La genèse d’un lien social qui dépasse la famille ou le clan est, depuis JJ Rousseau, une préoccupations des juristes et des philosophes. Michel Serres, avec “Le contrat naturel” (Flammarion, 19992), que je relis en ce moment, y rajoute sa pierre.
Il l’illustre d’un tableau (ou d’un fragment de tableau) de Goya dans lequel deux individus se battent à grands coups de bâtons, enfoncés jusqu’aux genoux dans un bourbier ou des sables mouvants: “A chaque mouvement, un trou visqueux les avale, de sorte qu’ils s’enterrent ensemble graduellement. A quel rythme ? Cela dépend de leur agressivité: à lutte plus chaude, mouvements plus vifs et secs, qui accélèrent l’enlisement. L’abîme où ils se précipitent, les belligérants ne le devinent pas: au contraire, de l’extérieur, nous le voyons bien”.
Il oppose l’anomie généralisée où chaque clan assaille les autres, en hostilité “naturelle” et permanente, la Somalie actuelle en étant un exemple poignant, à la guerre qui suppose un contrat préalable de cohabitation raisonnée.
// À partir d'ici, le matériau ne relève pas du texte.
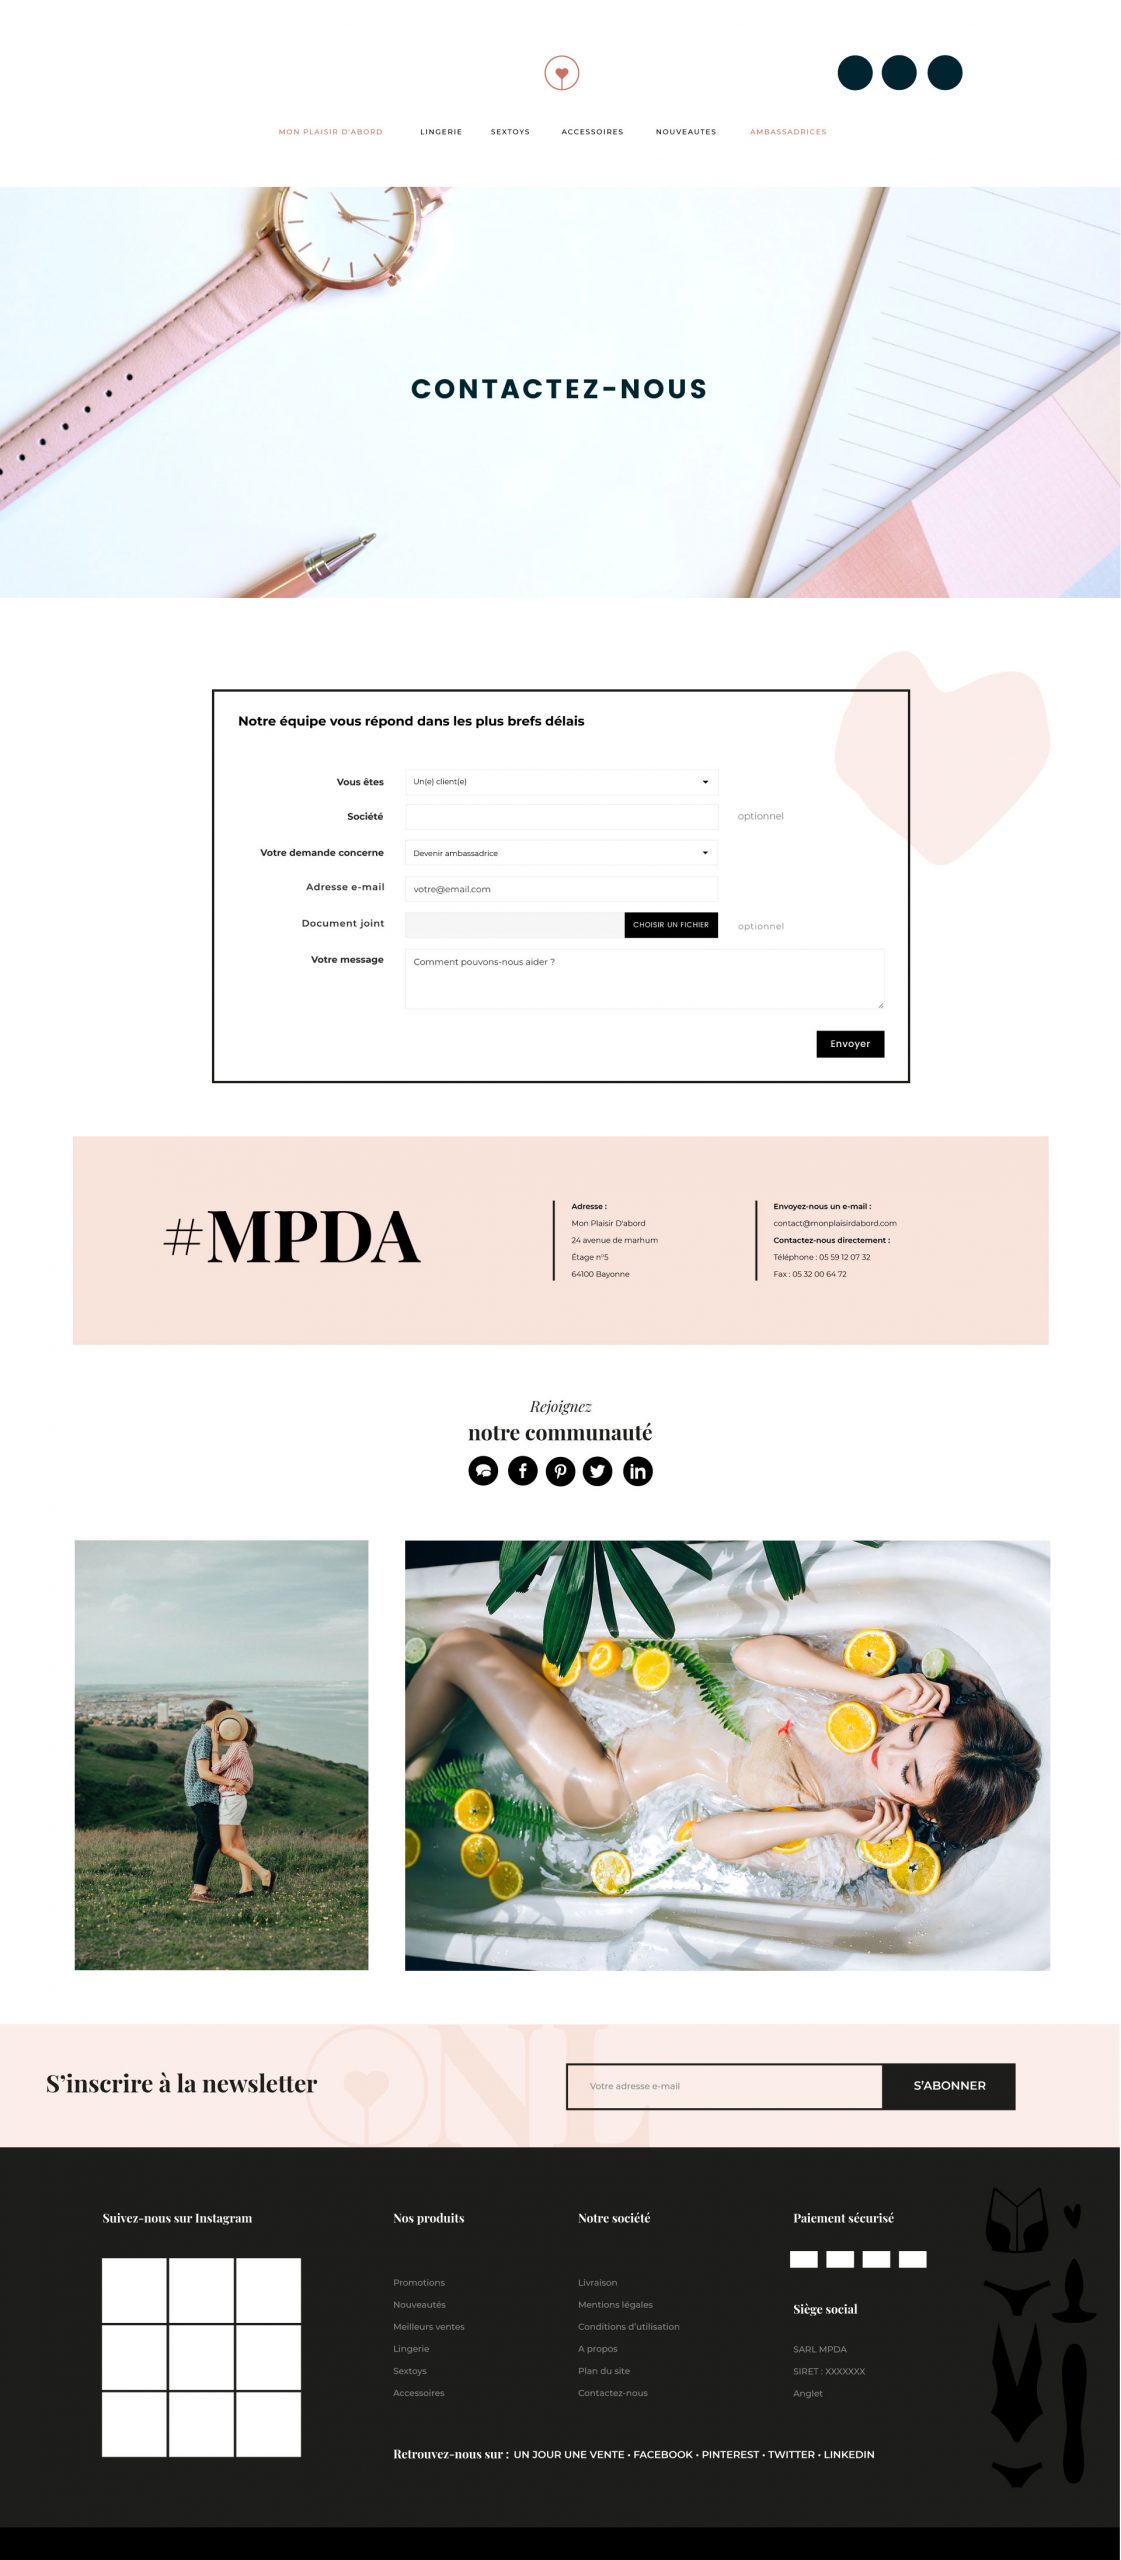 MPDA_WEB4_Contact-MPDA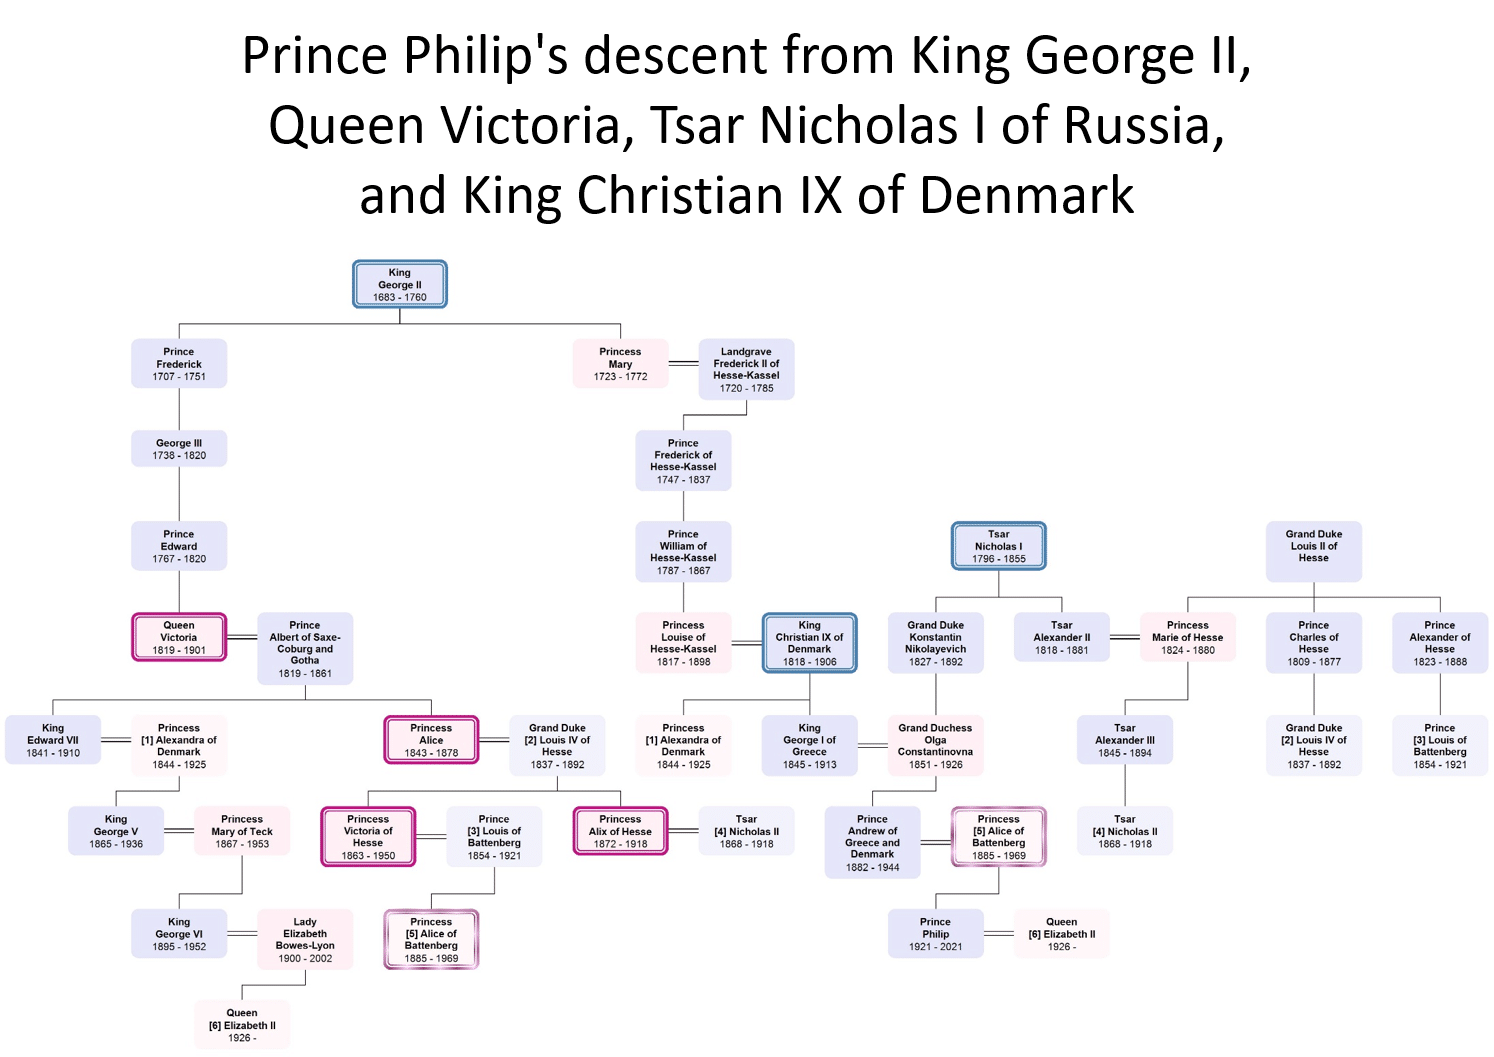 Carolines Folie zeigt die Verbindungen der königlichen Familie von Prinz Philip

Plus loin, il transfère la problématique au dialogue dans lesquels les deux opposants “luttent ensemble, dans le même camp, contre le bruit qui pourrait brouiller leur voix et leurs arguments” et l’illustre: “Le soir, dans les foyers, la clameur de la télévision fait taire toute discussion. Une vieille publicité de “La voix de son maître” montre un chien assis très sage devant un pavillon de gramophone; nous voici devenus d’obéissants chiots écoutant, passifs, le chahut de nos maîtres”.
Plus loin encore, il montre comment la science, les “lois de la nature”, supplantent peu à peu le droit et en arrive au principe de raison qui “décrit le contrat naturel” sans lequel la nature nous engloutira parce que nous l’aurons détruite.
Ces quelques lignes indignes appauvrissent ce tonique petit ouvrage. J’espère néanmoins donner envie de le lire à tous ceux qui réfléchissent aux origines et à l’évolution du droit.